Tuesday, August 19, 2008

Flipping the "odometer"

There is a significance to this picture:
I will tell you in a round about way. A memory I have from high school is the whole family piling into the Plymouth Volare station wagon my family owned and going for a drive one summer evening. Our Scottish Terrier, Angus, went, and we even stopped and got my grandma from the Whitcomb to go along with us. After all, it was a momentous occasion. The car odometer was about to flip back to zero. We drove up M63, all strained to see the numbers as it flipped and whooped and hollered like a bunch of rednecks or something. Then we went out for ice cream (Angus got a bowl of water, which other patrons assumed was his own ice cream!) Silly in a way, but the spontaneity and fun of the trip is etched in my mind so that the experience is still vivid more than 20 years later. Those are memories worth making.

In 2004 I shot this picture:
It was my Pontiac Sunfire flipping past 100,000 miles. Mike and I were on a road trip, we'd been to the NASCAR race in Bristol, TN. I'm sure I missed the 100,000 mile moment by 63 miles because the scenery was so beautiful on the drive home. I remember, though, being disappointed that it didn't happen in Michigan. I'd wanted to surprise my parents by picking them up for ice cream and watching the numbers. (Although there is no flipping back to zero anymore.)

So the picture above, with Kyle peeking at the baby chicks?
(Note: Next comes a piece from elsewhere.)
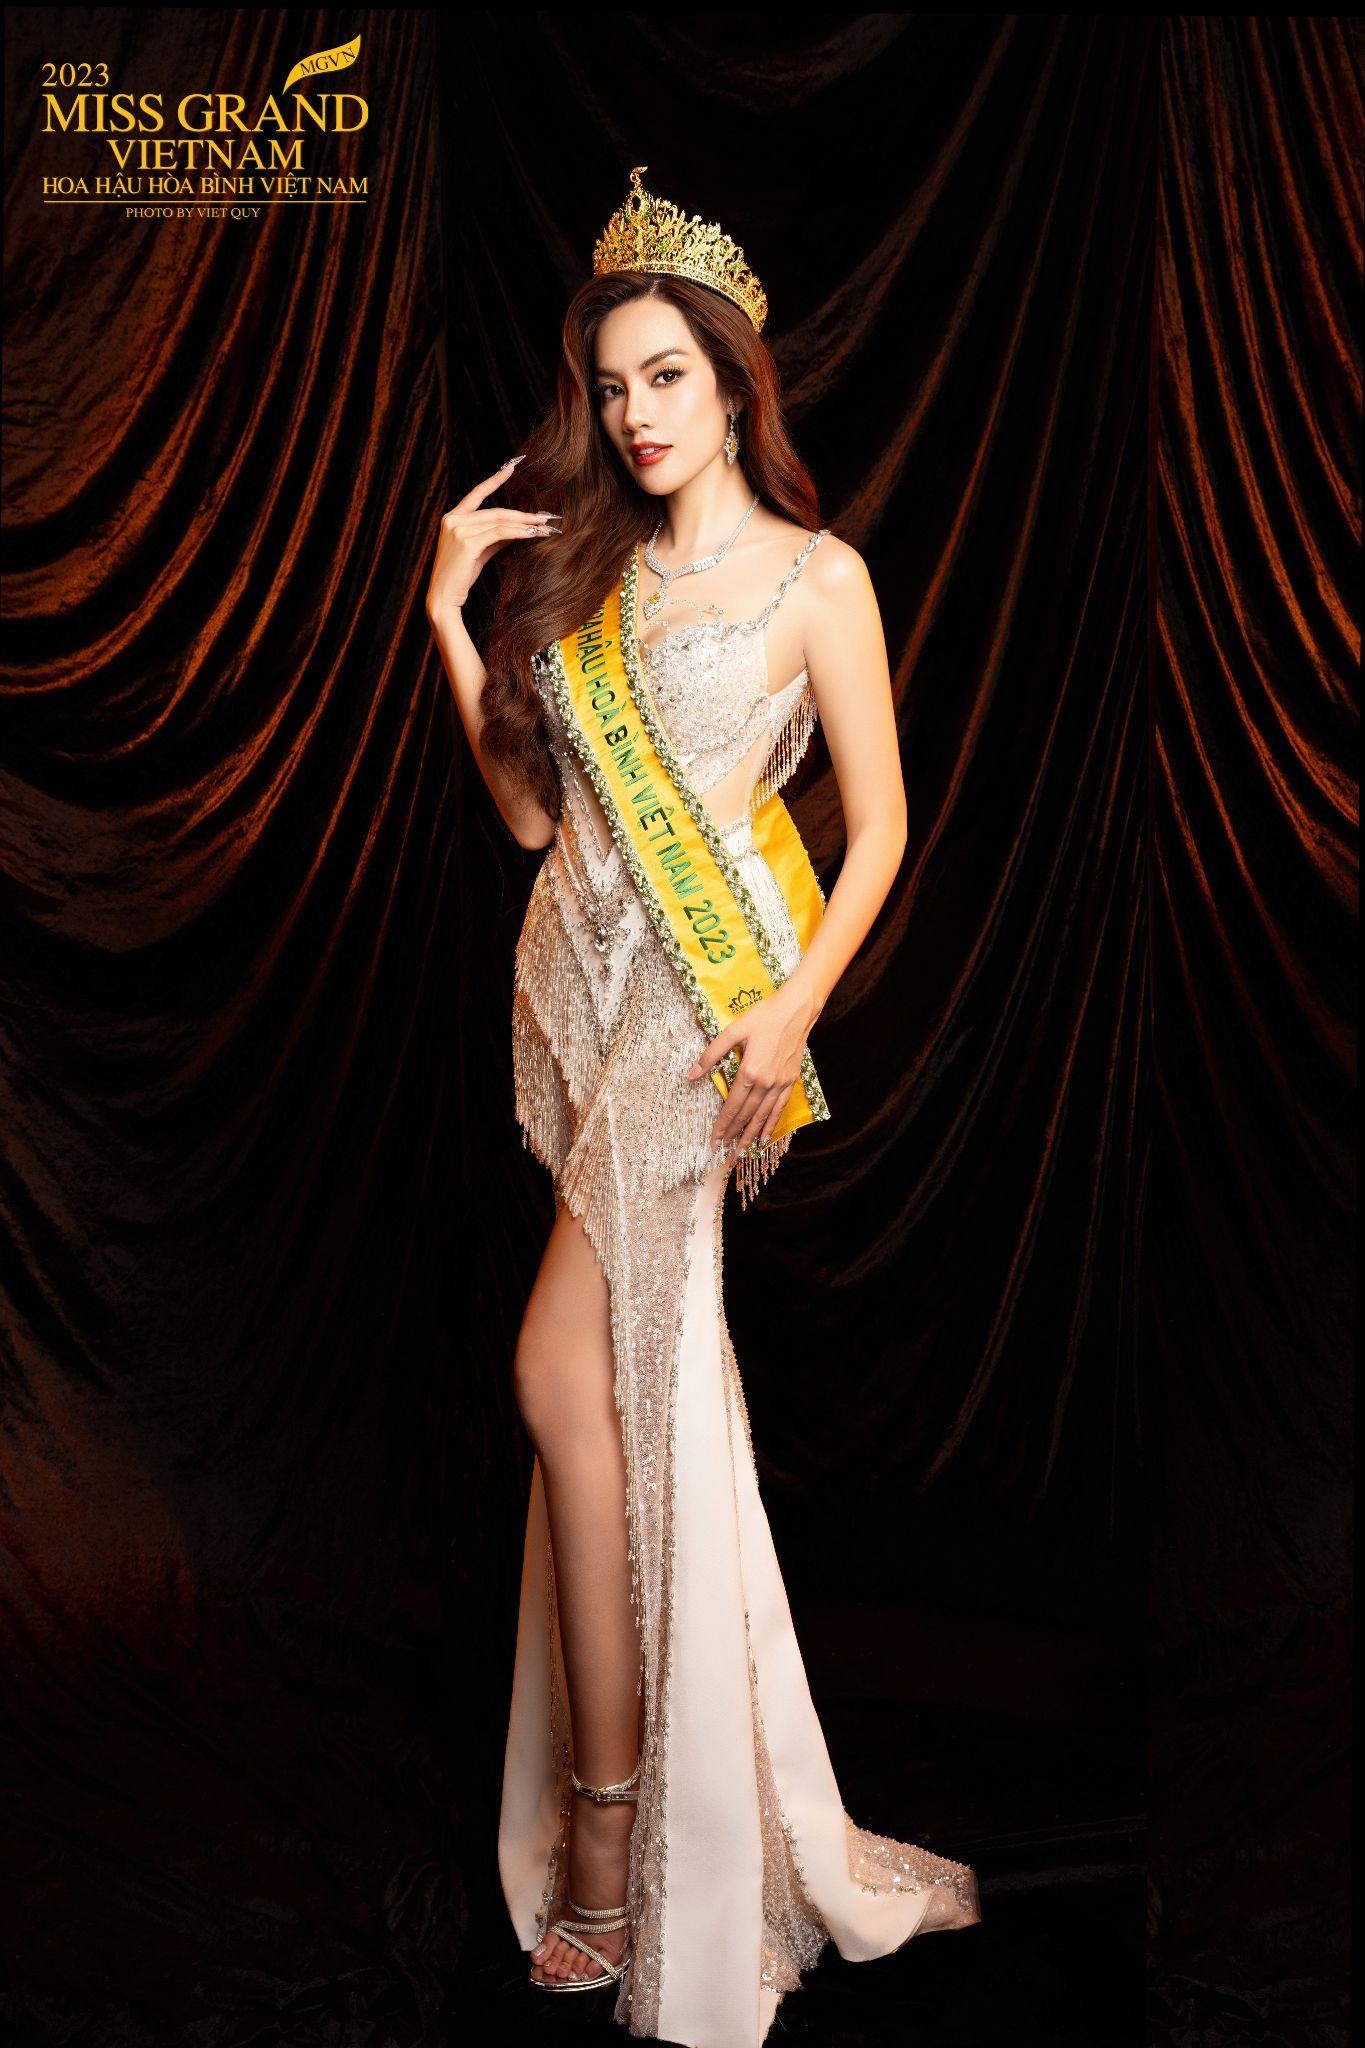 Ngọc Châu Âu đồng hành cùng Miss Grand Vietnam 2023 đi tìm chủ nhân vương miện “Wings of the grand” - Ảnh 3.
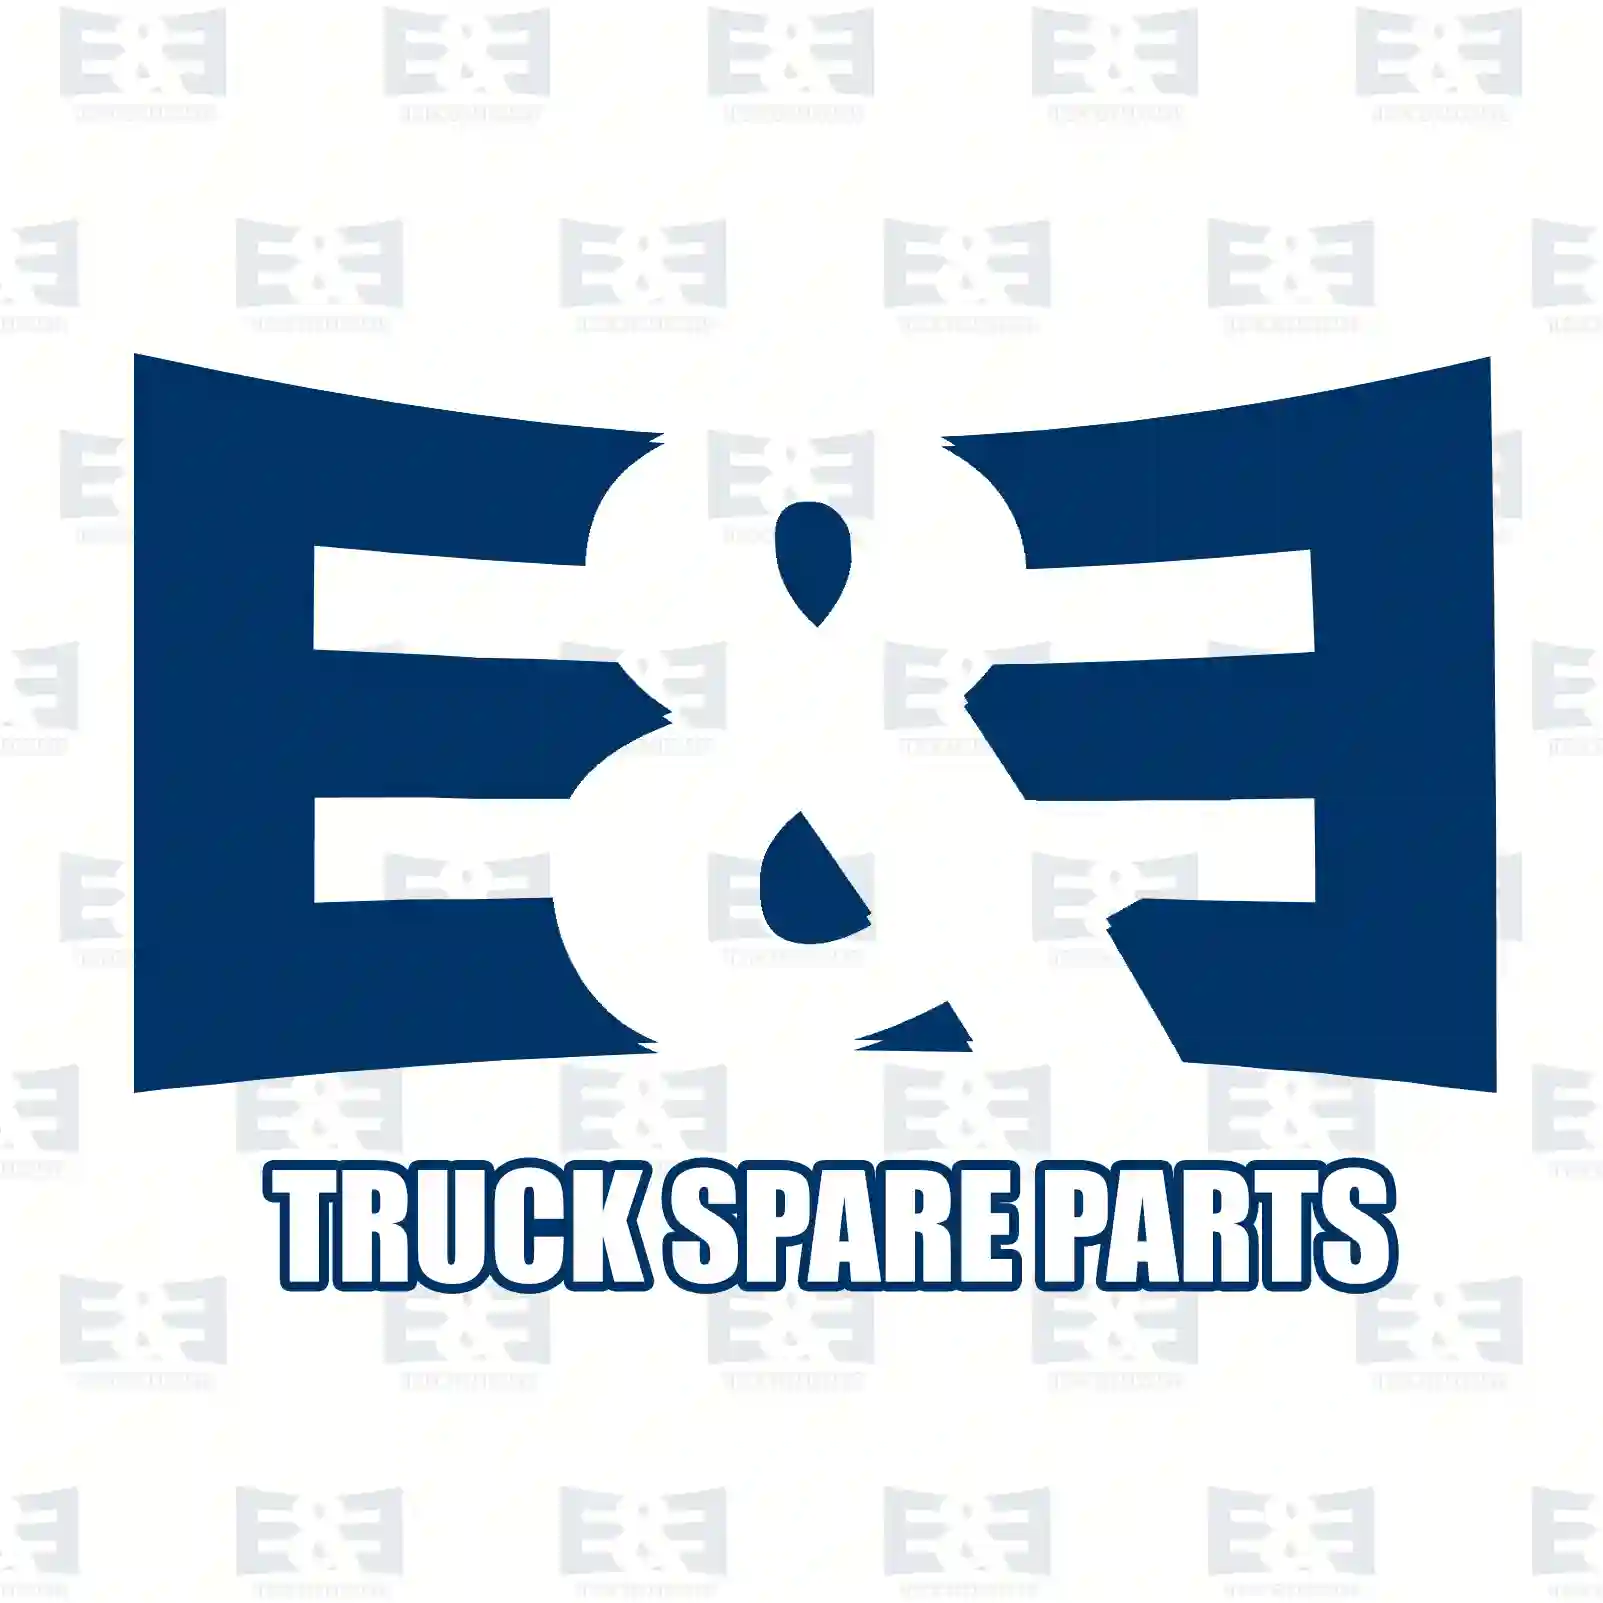 Brake disc, 2E2295857, 6694210512, 6694210712, , , , , , , , ||  2E2295857 E&E Truck Spare Parts | Truck Spare Parts, Auotomotive Spare Parts Brake disc, 2E2295857, 6694210512, 6694210712, , , , , , , , ||  2E2295857 E&E Truck Spare Parts | Truck Spare Parts, Auotomotive Spare Parts

It saved as image ooo1 on my camera. Yep, I flipped the "odometer" on my camera. I took the first picture with my Canon Rebel XTi on October 6, 2006. That means in 680 days I took 10,000 pictures. Even I am astounded by that. That is an average of close to 15 a day. But keep in mind that with digital I am all about quantity to get some quality. The fair pictures in the next post were narrowed to a dozen. I took 77 pictures at the fair, which is actually pretty tame for how many I've taken at an event like that before.

And now you all know why I have needed to purchase external hard drives. :-)

And Nan, if you read this, I'm sure you've beat me hands down on photo counts!

3 comments:

Valerie said...

That's actually pretty cool!

Anonymous said...

That is so cool Laura! Along that lines, my first car was a 1968 Plymouth Valiant. My parents used to go away on the weekends, and my dad would write down the mileage on the car before he left. Well, guess what we figured out? When you drove in reverse, the mileage also went backwards. Awww, the fun we had driving backwards in the church parking lot. Cars certainly don't do that anymore either! LOL!

Colleen said...

What a memory! and Christine...too funny!